During subsequent rolls, anything between 5 & 1 dice will be rolled. Thus a similar
table must be made for anything between 4 & 1 dice.
4 dice, 6^4 = 1296 possibilities:
X X X X, 1 X X X, 1 1 X X, 1 1 1 X, 1 1 1 1
The number of times each occurs is:
X X X X : 5^4 = 625
1 X X X : (4)(5^3) = 500
1 1 X X : (6)(5^2) = 150
1 1 1 X : (4)(5) = 20
1 1 1 1 : 1
3 dice, 6^3 = 216 possibilities:
X X X : 5^3 = 125
1 X X : (3)(5^2) = 75
1 1 X : (3)(5) = 15
1 1 1 : 1
2 dice, 6^2 = 36 possibilities:
X X : 5^2 = 25
1 X : (2)(5) = 10
1 1 : 1
1 dice, 6 possibilities:
X : 5
1 : 1
Consider the table for 3 dice. The probability of rolling 0 1's with 3 dice is 125/216,
the probability of one 1 is 75/216, the probability of 2 1's is 15/216, and the probability
of 3 1's is 1/216. The same is applicable to all tables. E.g., the probability of rolling
2 1's with 5 dice is 1250/7776.
These probabilities can be used to calculate the probability of obtaining a Yahtzee with
1's using as many as 3 rolls. All possibilities must be considered. E.g., rolling 0 1's,
then 0 1's, then 5 1's. The probability of that occurring is the product of each individual
probability. I.e., (3125/7776)(3125/7776)(1/7776). Similarly for 0 1's then one 1 then
4 1's, 0 1's then 2 1's then 3 1's, etc.
So the calculation goes as follows. Suppose 0 1's are rolled first. Then the probability
of obtaining Yahtzee this way is:
(3125/7776)((3125/7776)(1/7776) + (3125/7776)(1/1296) + (1250/7776)(1/216) +
(250/7776)(1/36) + (25/7776)(1/6) + 1/7776)

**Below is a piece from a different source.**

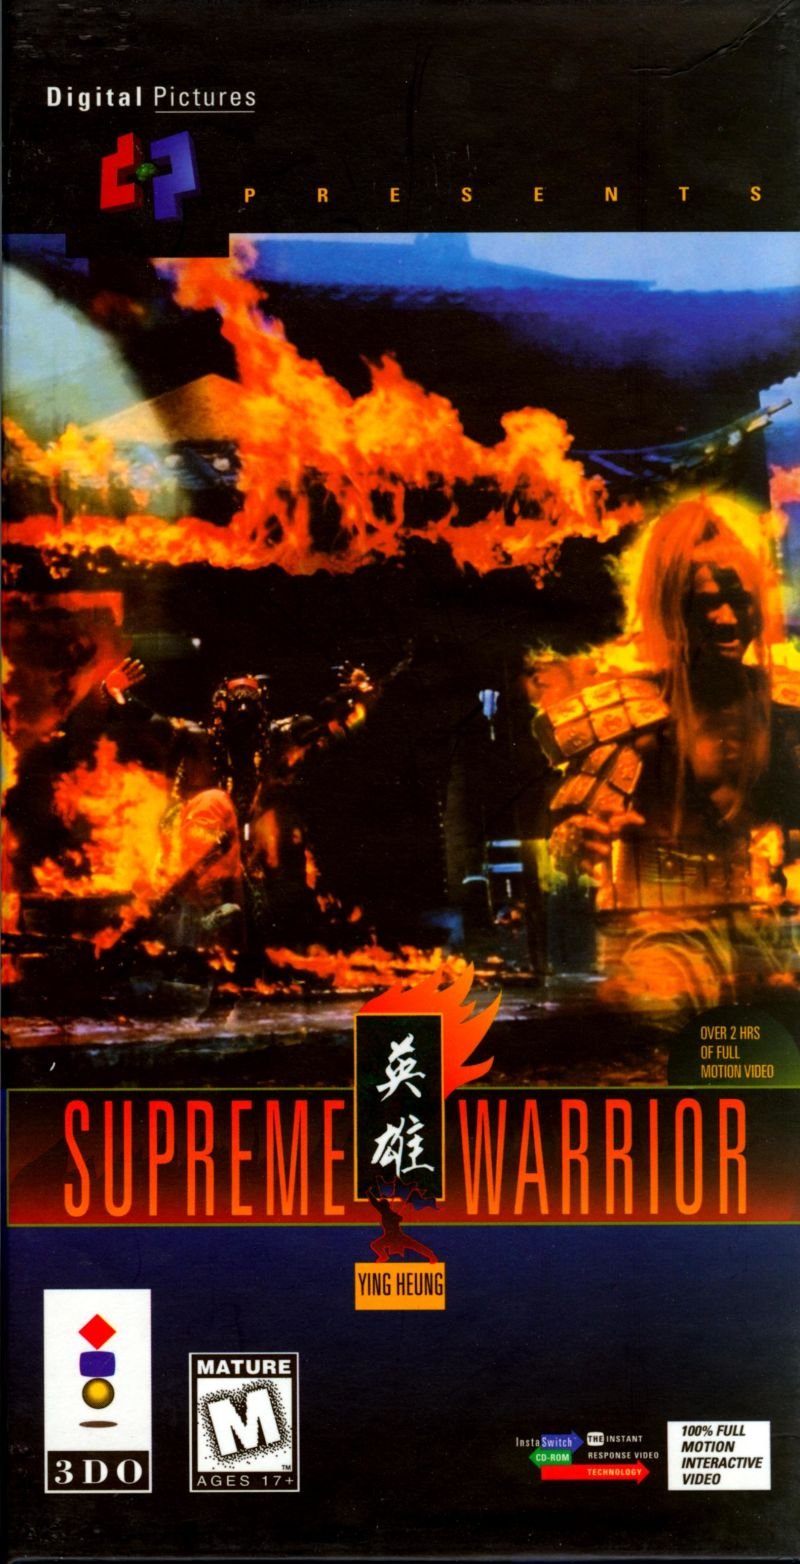 Supreme Warrior: Ying Heung

I.e., the probability of rolling 0 1's times the sum of rolling 0 1's then & 5 1's, one 1
then 4 1's (with 4 dice - 1/1296), 2 1's then 3 1's, 3 1's then 2 1's, 4 1's then one 1,
and 5 1's.
Similarly for one 1 rolled first:
(3125/7776)((625/1296)(1/1296) + (500/1296)(1/216) + (150/1296)(1/36) +
(20/1296)(1/6) + 1/1296)
Note that rolling one 1 takes us to the 4 dice table. E.g., the 3rd term of the sum
represents the probability of rolling 2 1's with 4 dice (150/1296) then 2 1's with the
remaining 2 dice (1/36) - each such term of course multiplied by the probability of
one 1 rolled on the first roll (3125/7776).
Similarly for 2 1's rolled first:
(1250/7776)((125/216)(1/216) + (75/216)(1/36) + (15/216)(1/6) + 1/216)

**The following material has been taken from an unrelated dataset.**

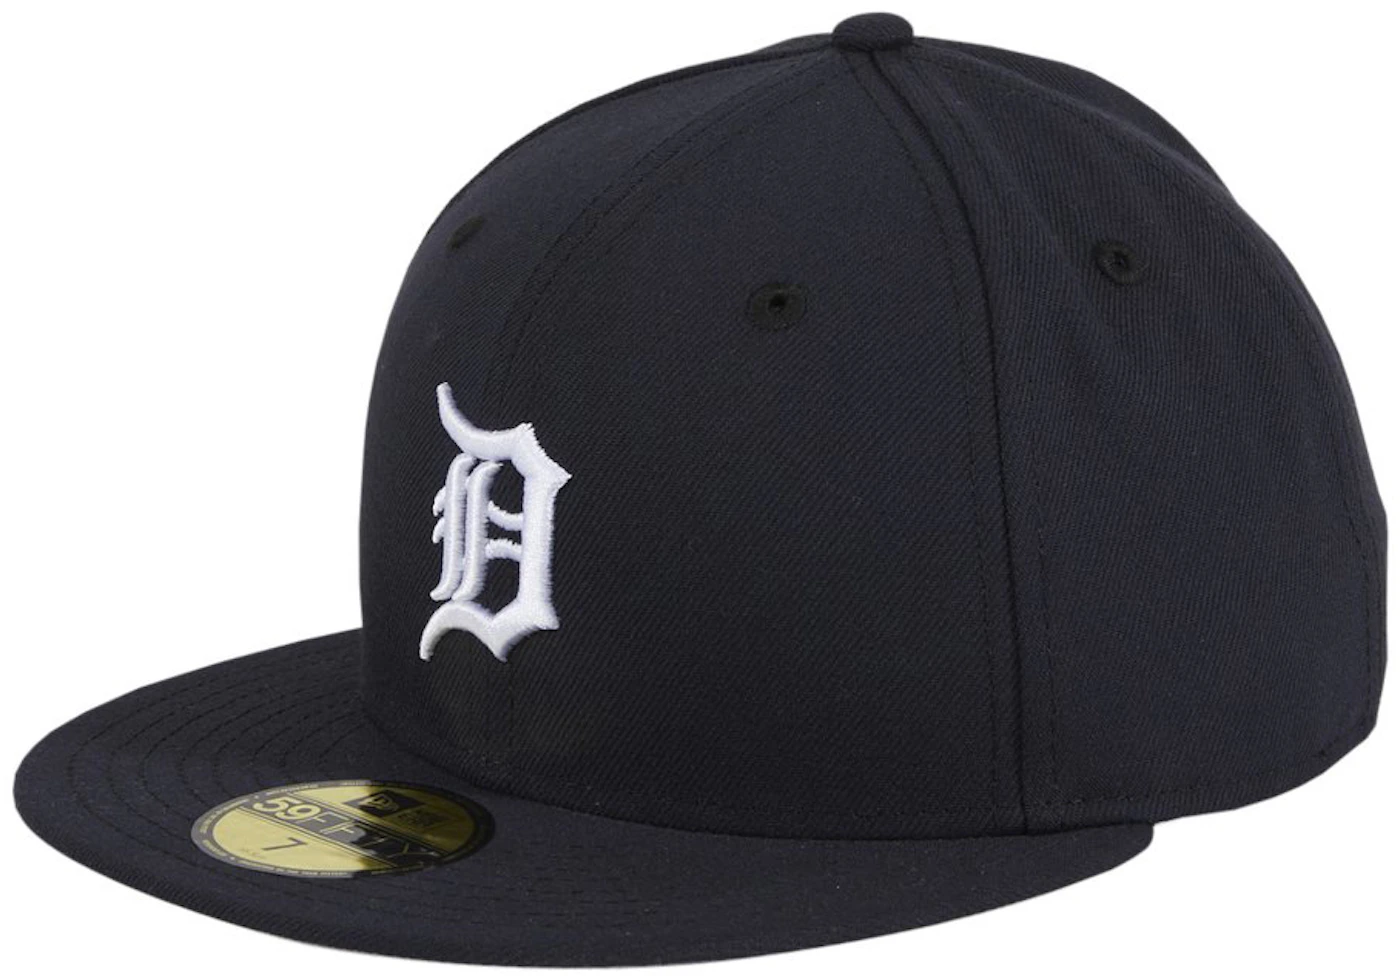 Caps - New Era Repreve 940 Detroit Tigers (black)

Similarly for 3 1's rolled first:
(250/7776)((25/36)(1/36) + (10/36)(1/6) + 1/36)
Similarly for 4 1's rolled first:
(25/7776)((5/6)(1/6) + 1/6)
Similarly for 5 1's rolled first:
1/7776
So above the probabilities of all possible ways of rolling a Yahtzee with 1's are listed.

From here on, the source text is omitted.